I agree with your general argument here. When I was at University the Club of Rome was all the rage, but it proved to be wrong. In my view there are enormous resources in the earth, much that we do not even know about.
However, I do worry about oil in the short term. Oil production seems to have stopped increasing. At the same time there is a massive growth in demand for oil from China and India, and other countries that are developing quickly. There is the possibility that the Chinese government may not be able to hold things together and demand will fall.
On the supply side, significant oil resources are in the most politically unstable parts of the world. In the long term, whoever controls these areas will need the money so they will have to put their oil onto the market. However, in the short term there may be significant dislocations.
I realize that new technologies will emerge to extract more oil from existing supplies and to produce alternative fuels. However, we cannot assume that the new technologies will arrive in time. Their may be a lag before they are available. The development of technologies is not always smooth with the next one turning up, just when it is needed.
I also understand that the price mechanism will sort out the issue: that as the price rises, demand will decline. The problem for the West we have developed a lifestyle, society and culture based on the automobile and cheap fuel. If prices rise dramatically, that lifestyle may become unviable for a time until new technologies emerge.
Christians should be thinking about this risk. How serious is it? What mitigations can we put in place?
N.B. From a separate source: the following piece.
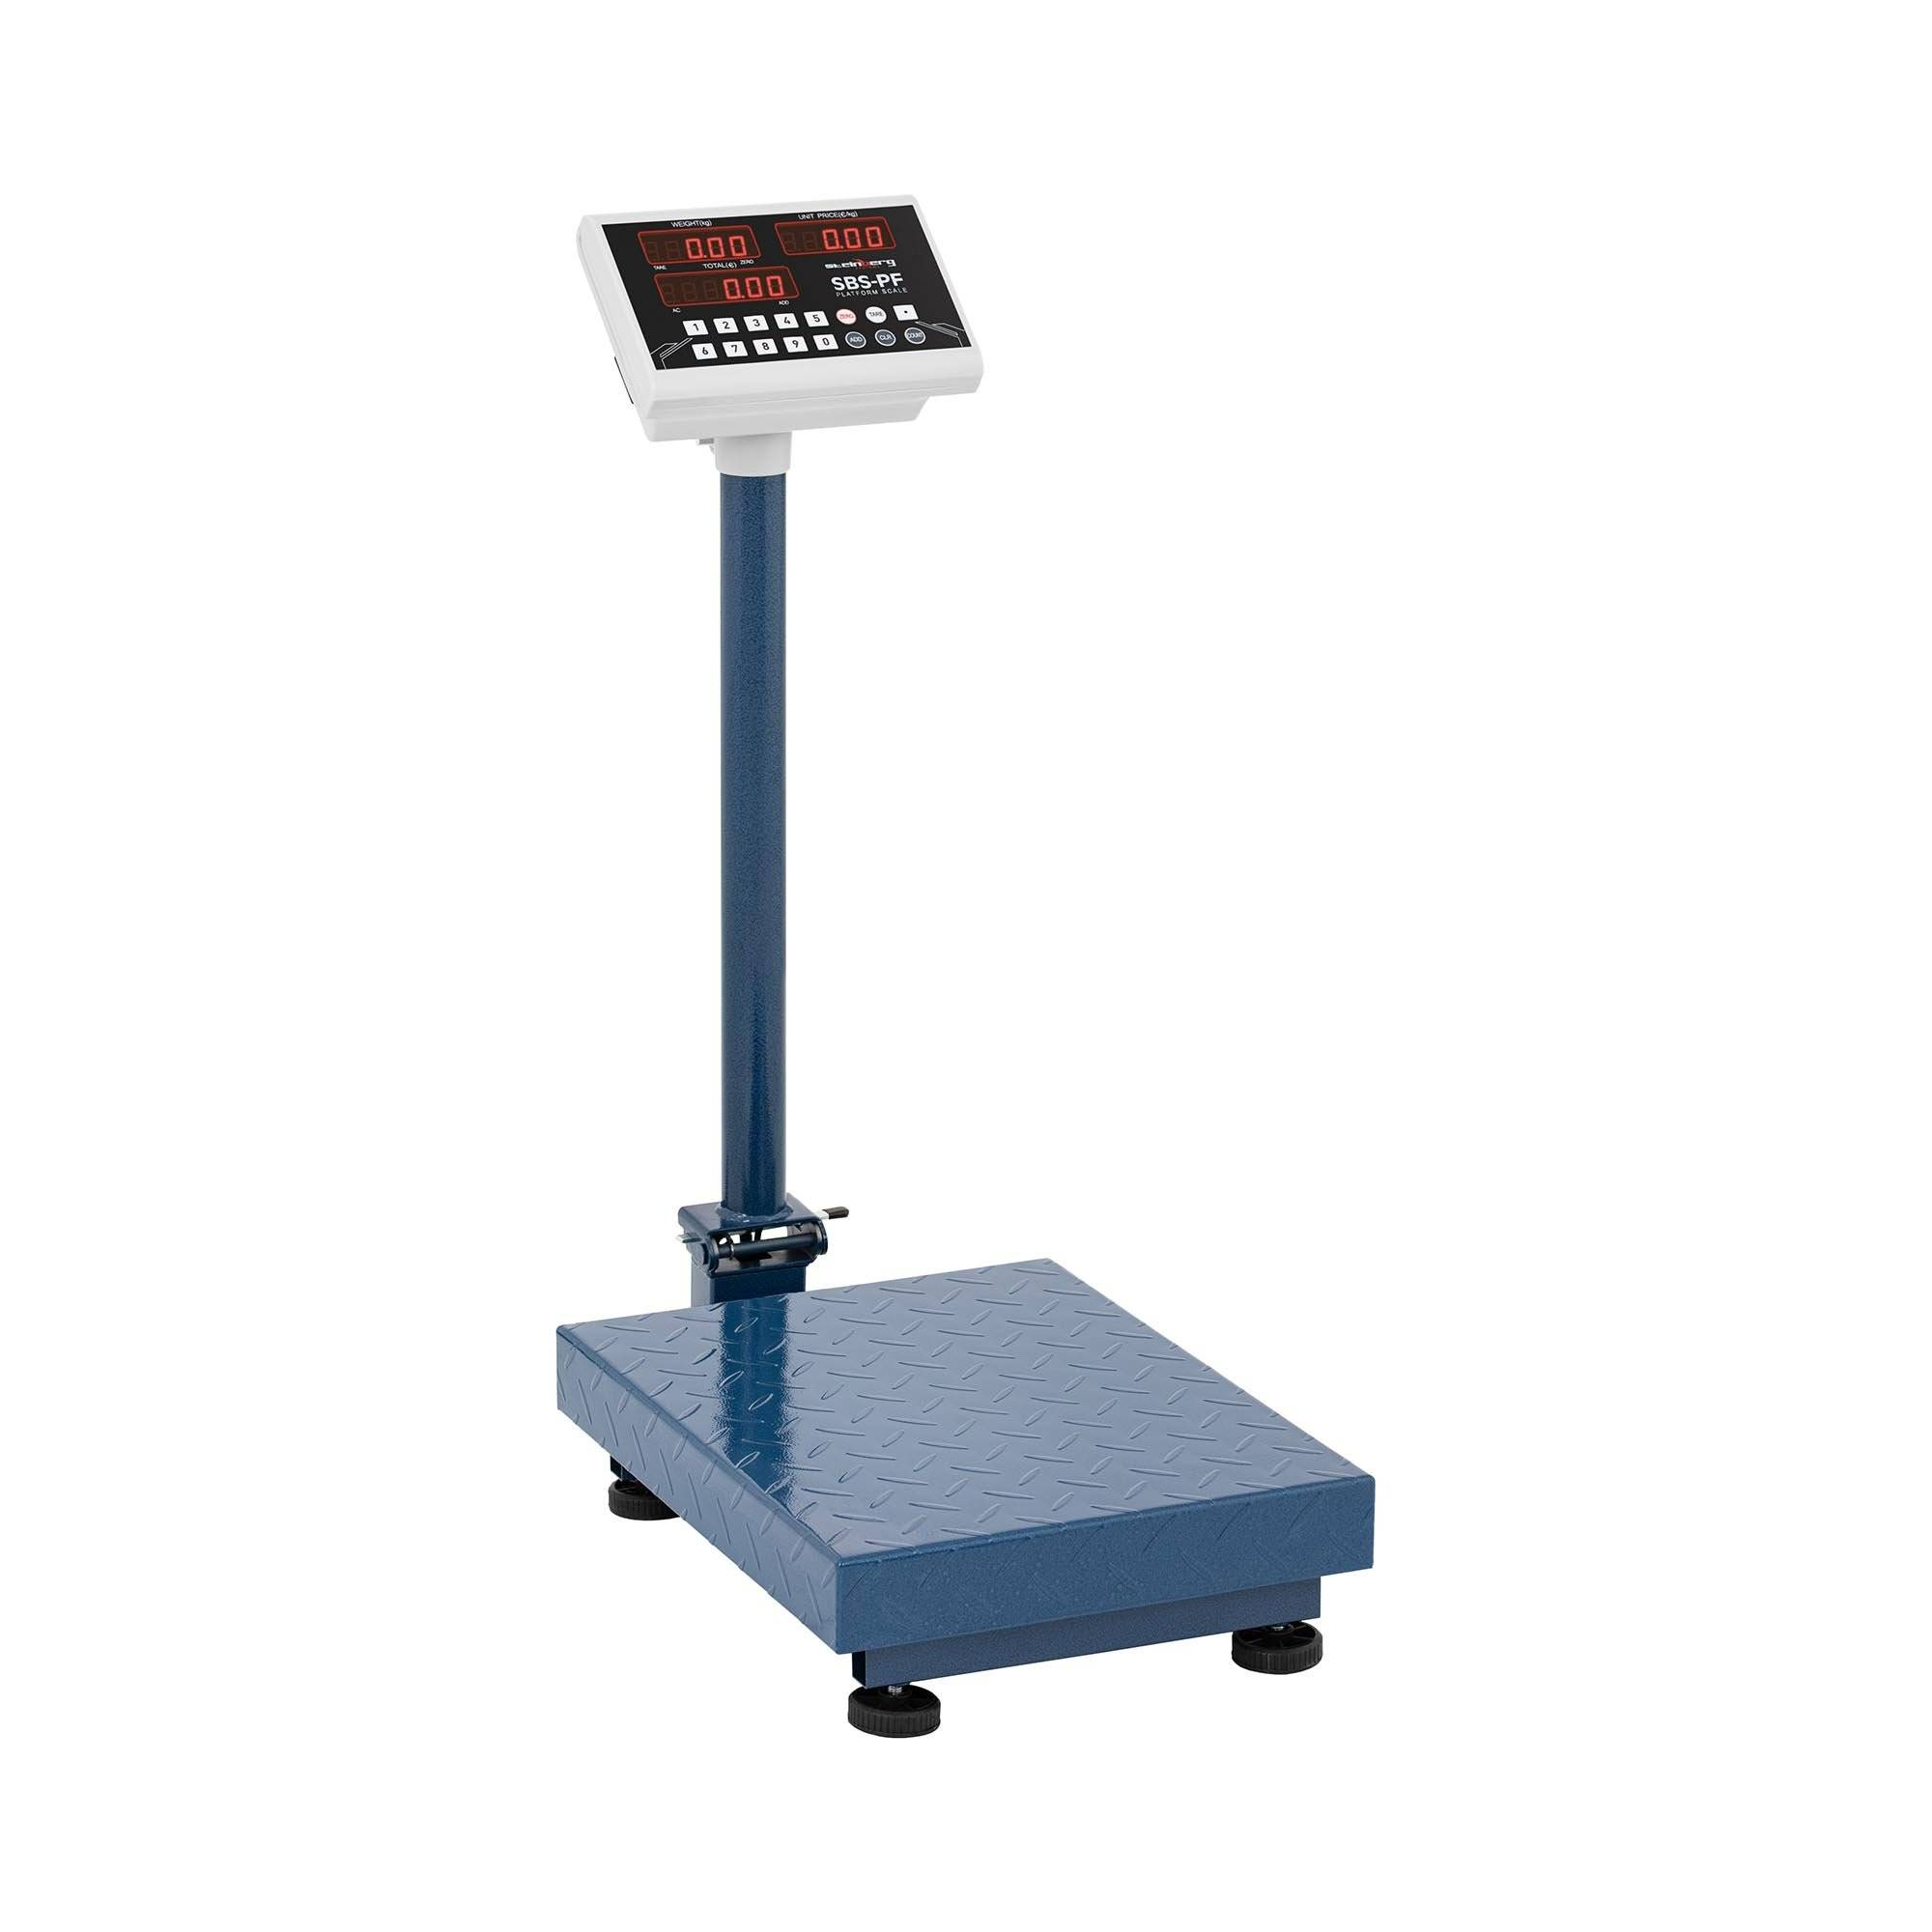 Steinberg Platform Scales - 100 kg / 10 g - foldable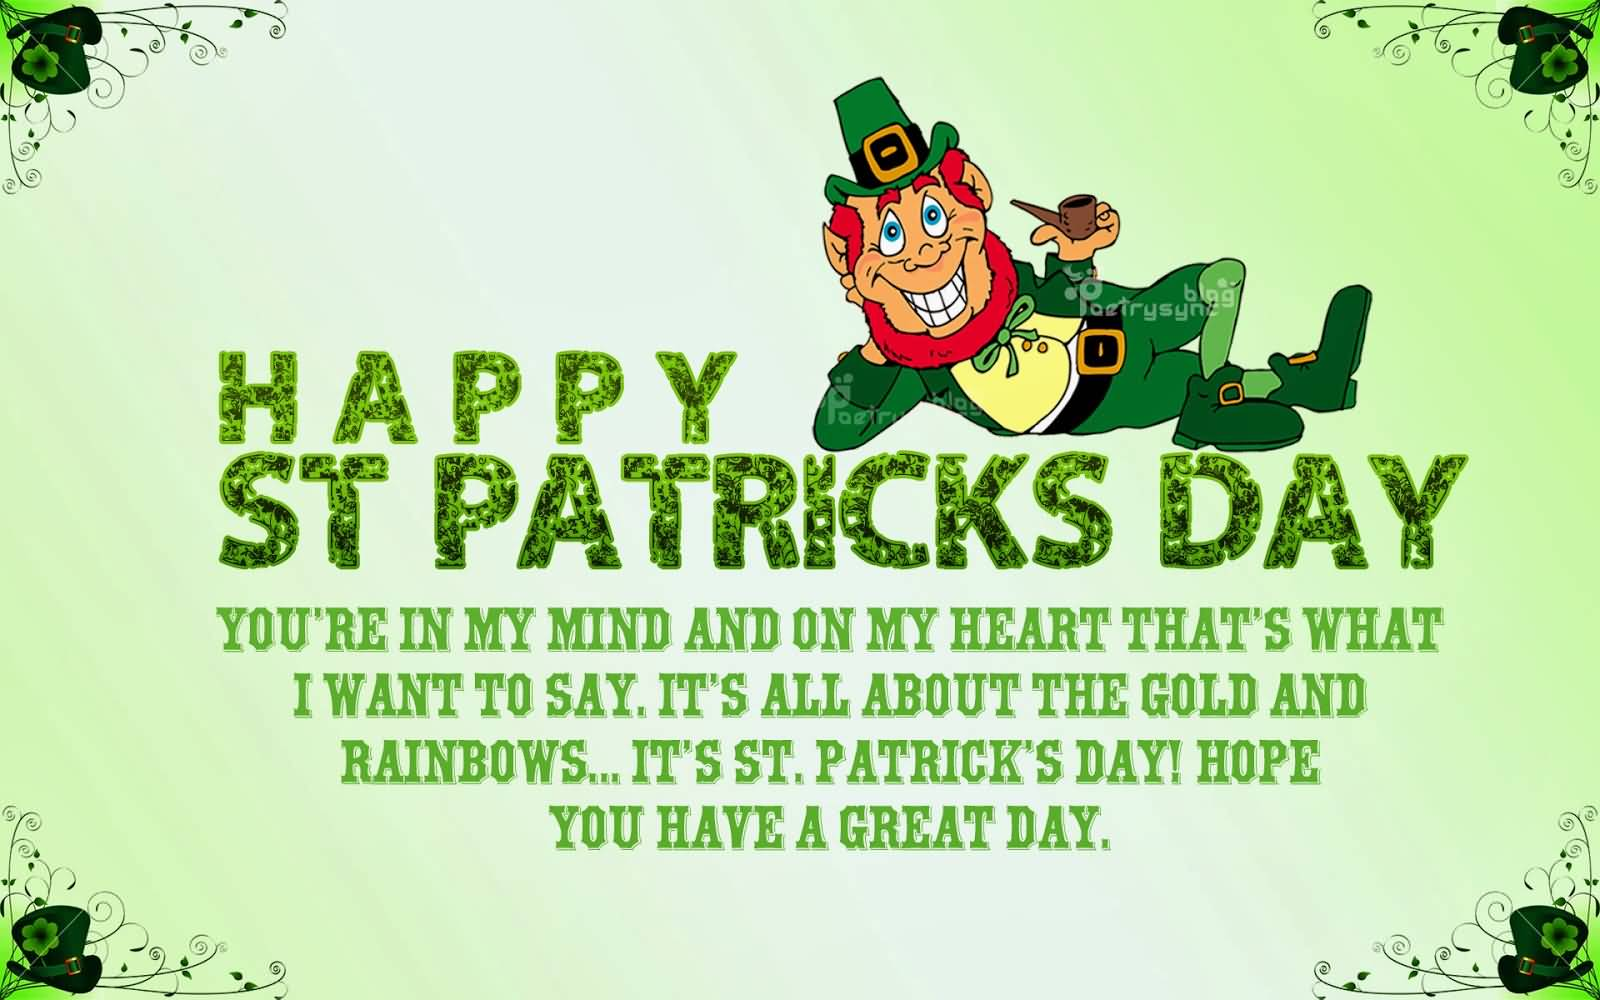 St. Patrick's Day Wish 06

We should not bury our heads in the sand, but should be aware of the direction that the wind is blowing.
Christians have made a big commitment to the suburban lifestyle based on the automobile and cheap fuel. Much of our church life depends on automobile travel. We should be thinking about the risk for our church life and whether mitigations are necessary.
Assuming that wealth will always be with us could be dangerous.
Posted by: RonMck | Jan 07, 2008 at 03:44 PM
I share many of your concerns. I'm really trying to differentiate concern for the supply of oil embedded in the earth from the wisdom of accessing and using oil. Contrary to the neo-Malthusians, our motivation for alternative fuels is not the imminent exhaustion of supplies. Geo-political concerns may give us considerable pause about an intensive fossil fuel future but our challenge is not exhaustion of supply.